- **TASK**: Set down without change every line from the line that contains "Size: 28 W x 15 D x 9.75 H." through the end of the listing, and only those lines. No pictures.

- **ENTRIES SHOWN**:
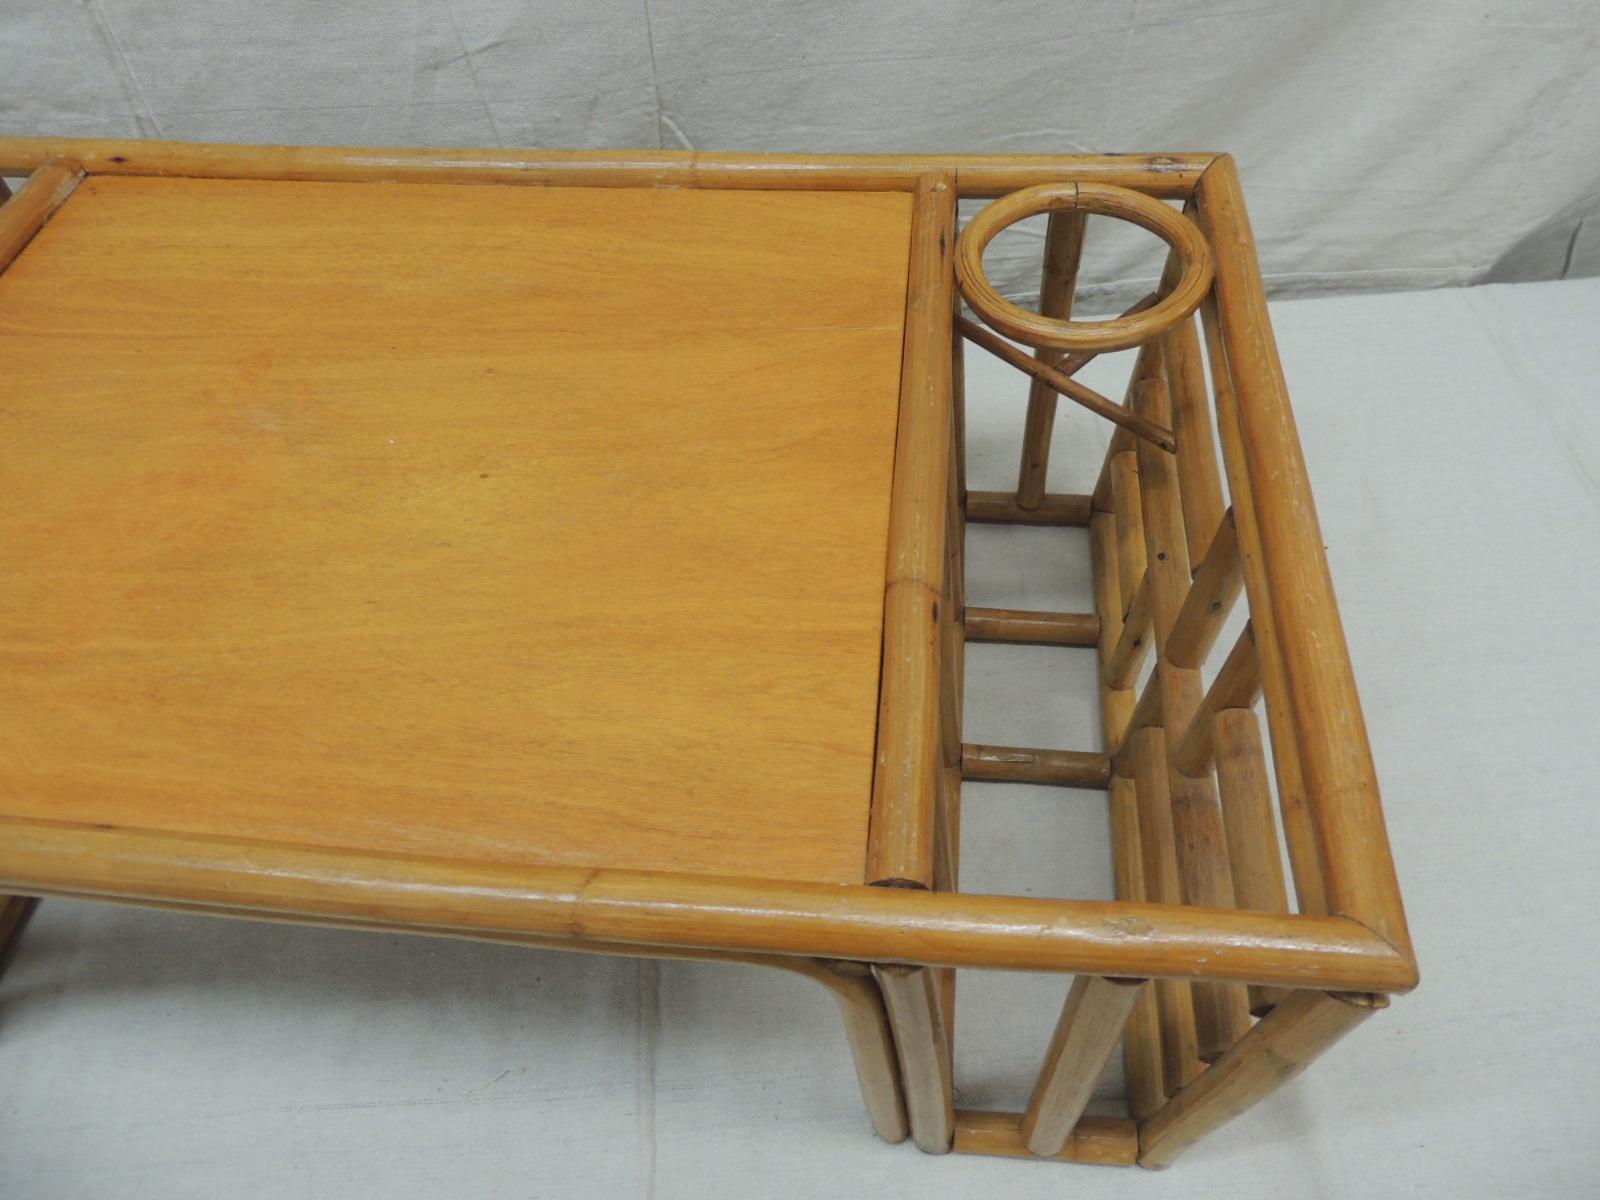 Vintage bamboo bed serving tray
Wood top and dividers. Meandering border side panels
Size: 28 W x 15 D x 9.75 H.
 
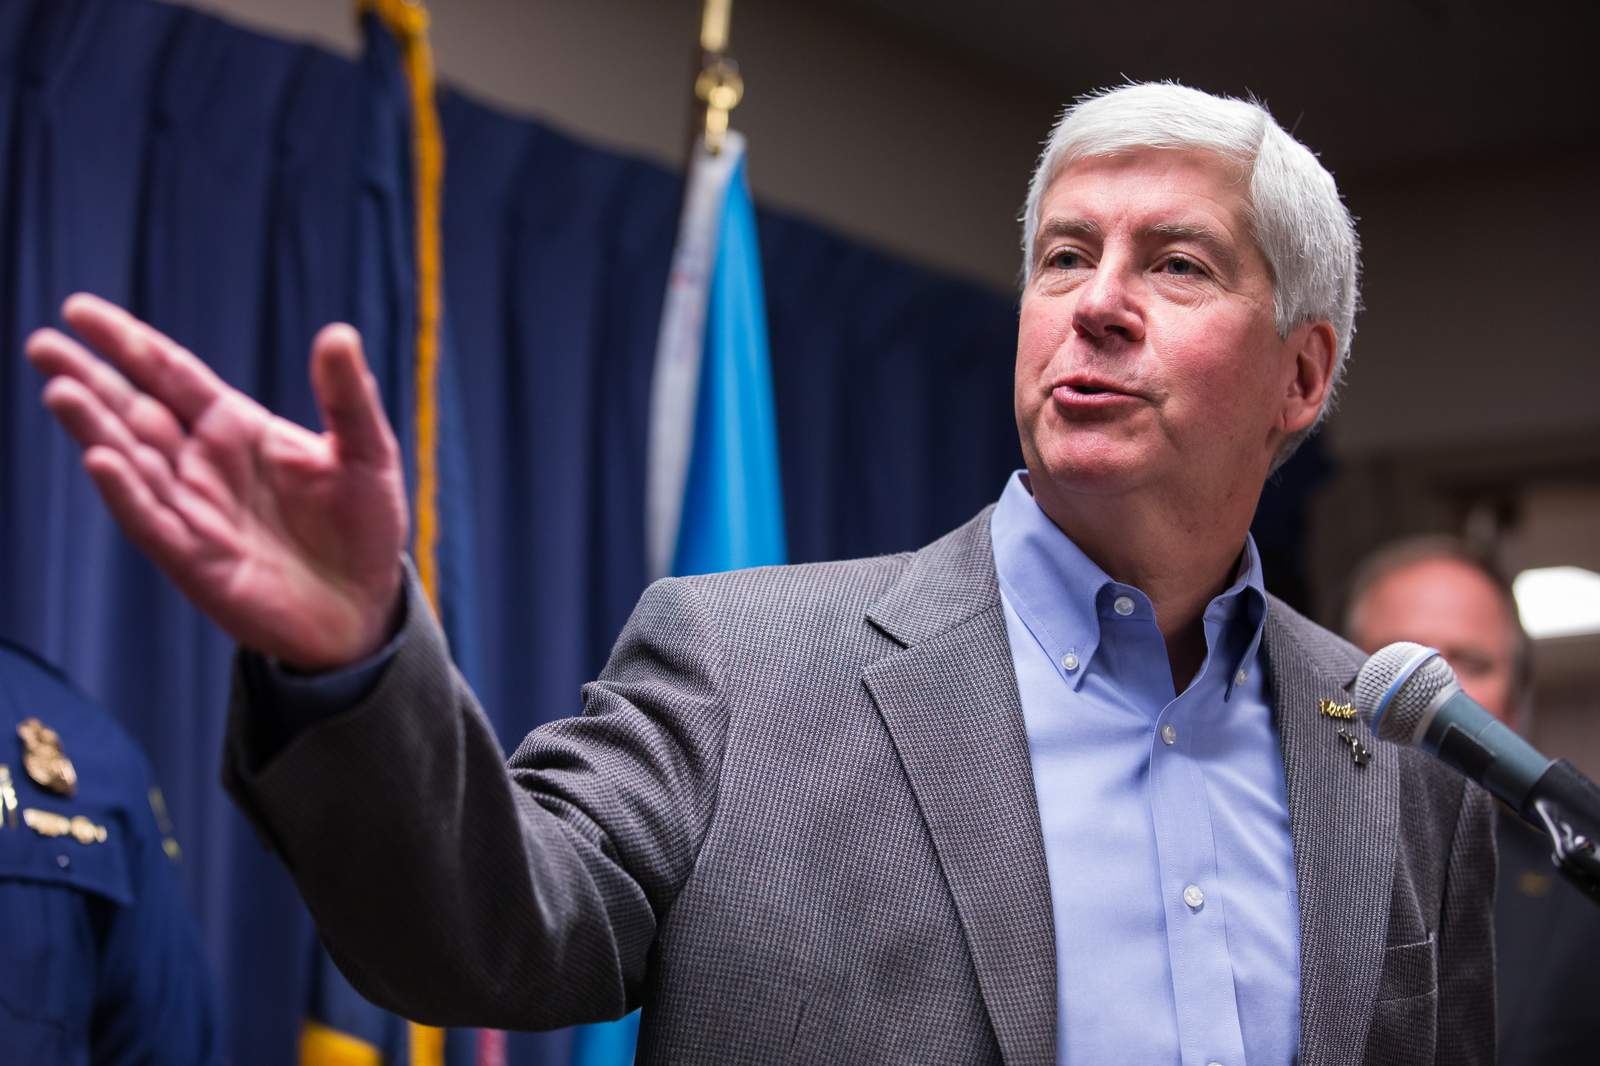 Former Gov. Rick Snyder charged with willful neglect of duty in Flint water investigation
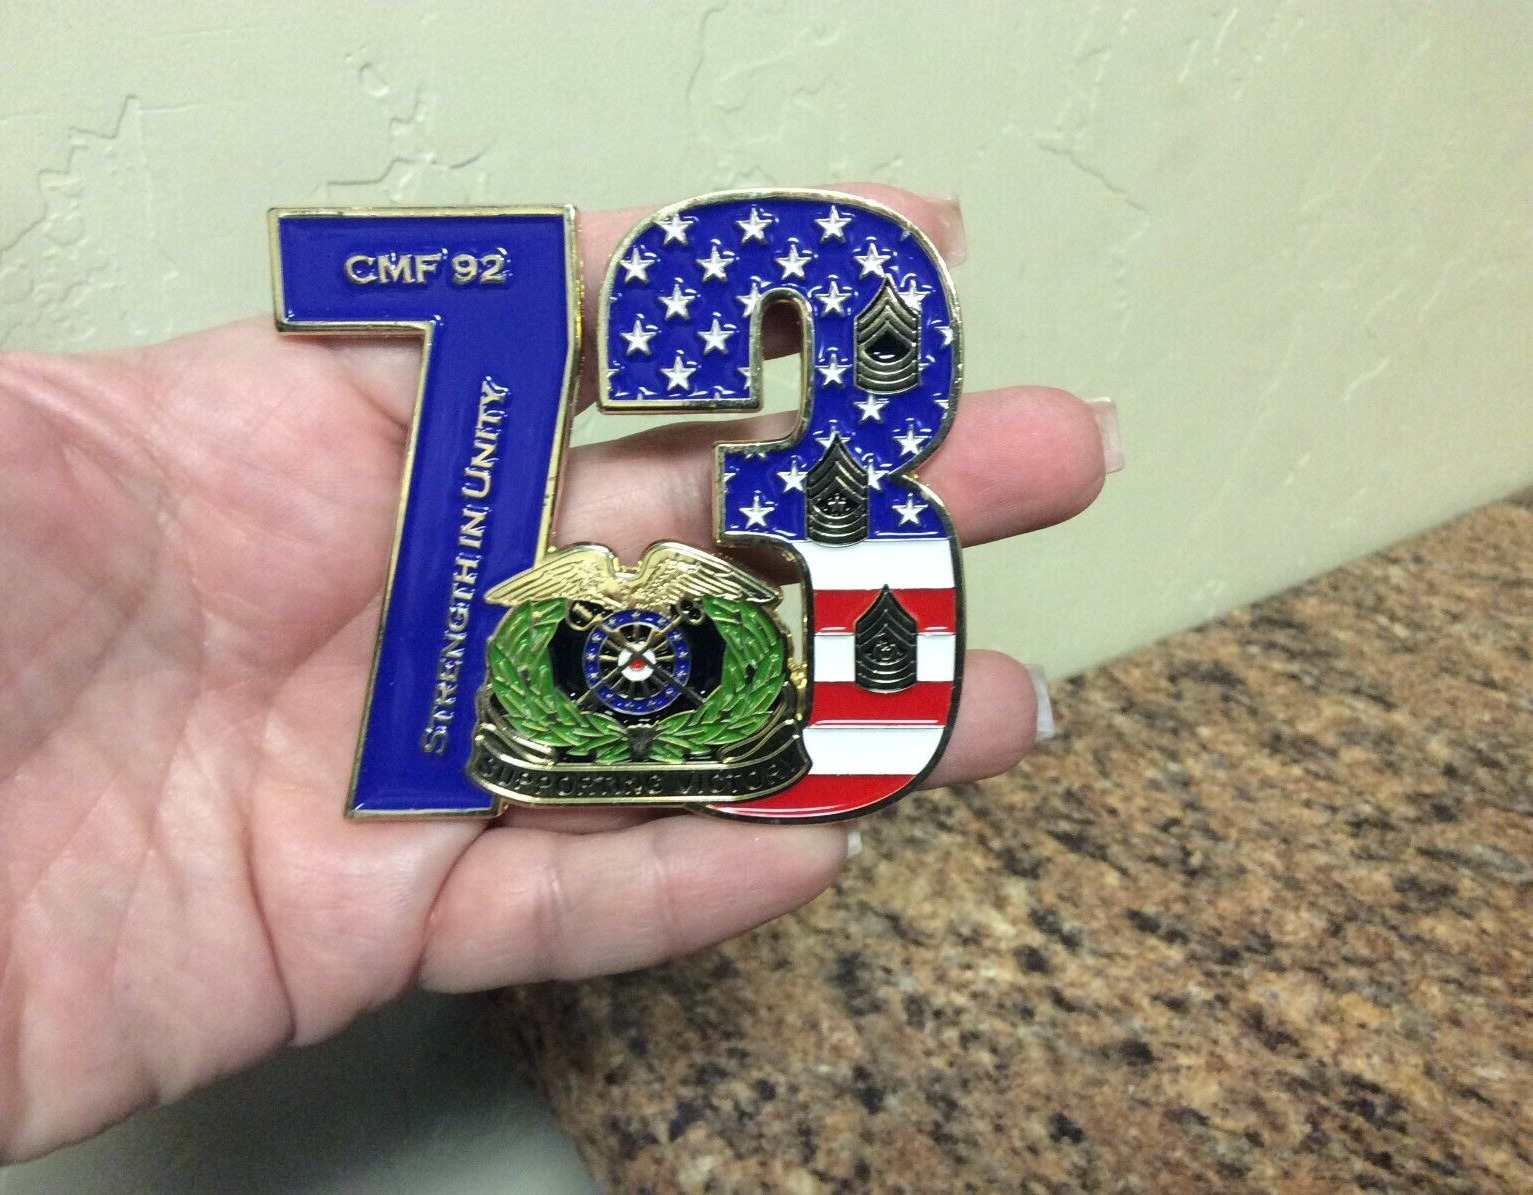 US ARMY CMF 92 CLASS 73 (2022-2023) Challenge Coin
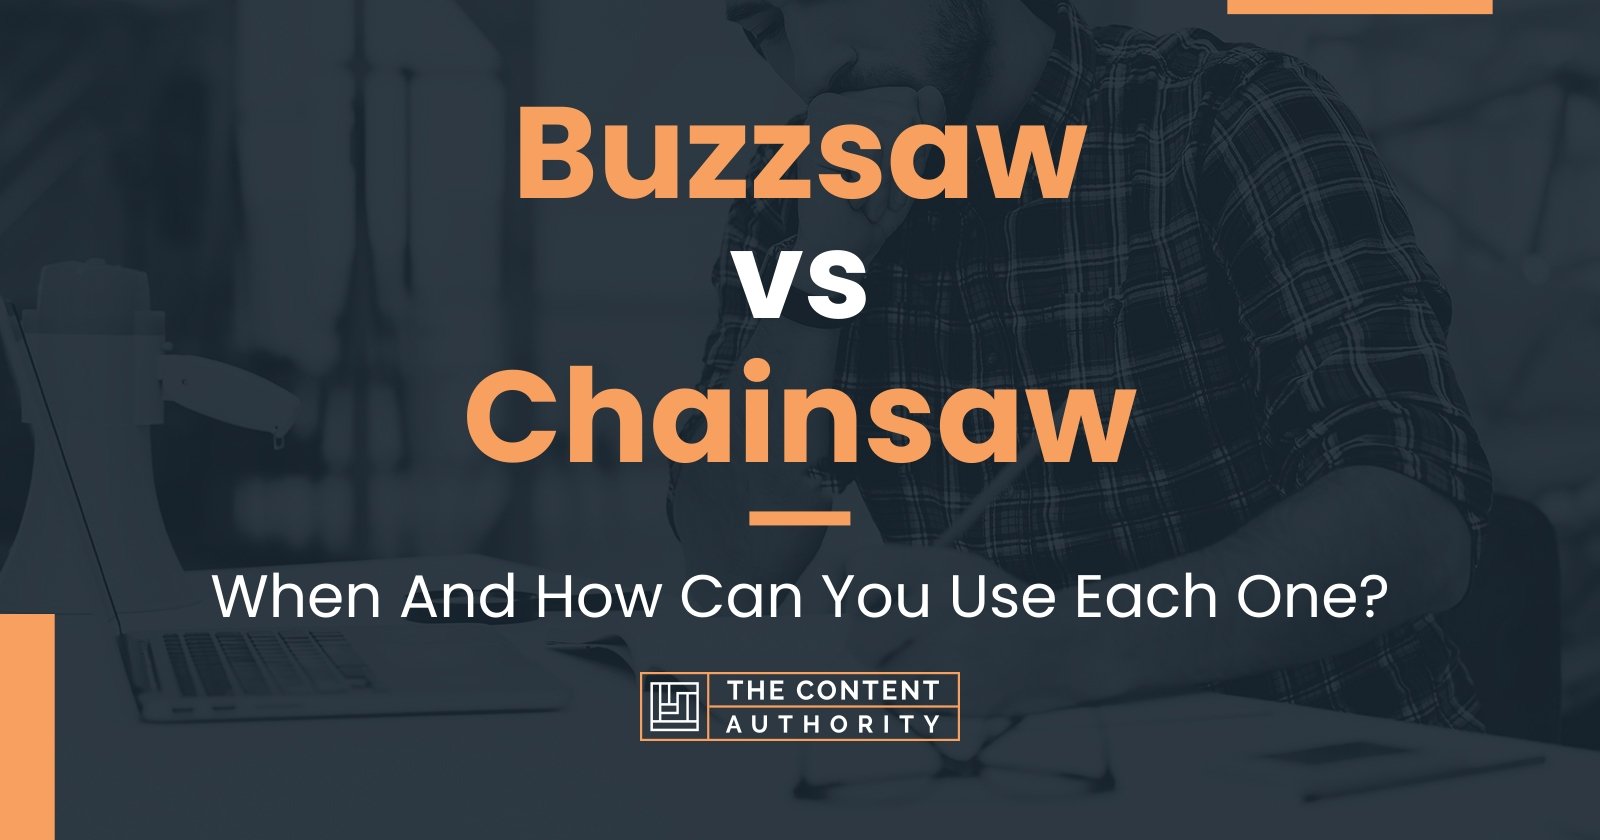 Buzzsaw vs Chainsaw: When And How Can You Use Each One?

- **SOLVED EXERCISE**:
Size: 28 W x 15 D x 9.75 H.
 
 Former Gov. Rick Snyder charged with willful neglect of duty in Flint water investigation
 US ARMY CMF 92 CLASS 73 (2022-2023) Challenge Coin
 Buzzsaw vs Chainsaw: When And How Can You Use Each One?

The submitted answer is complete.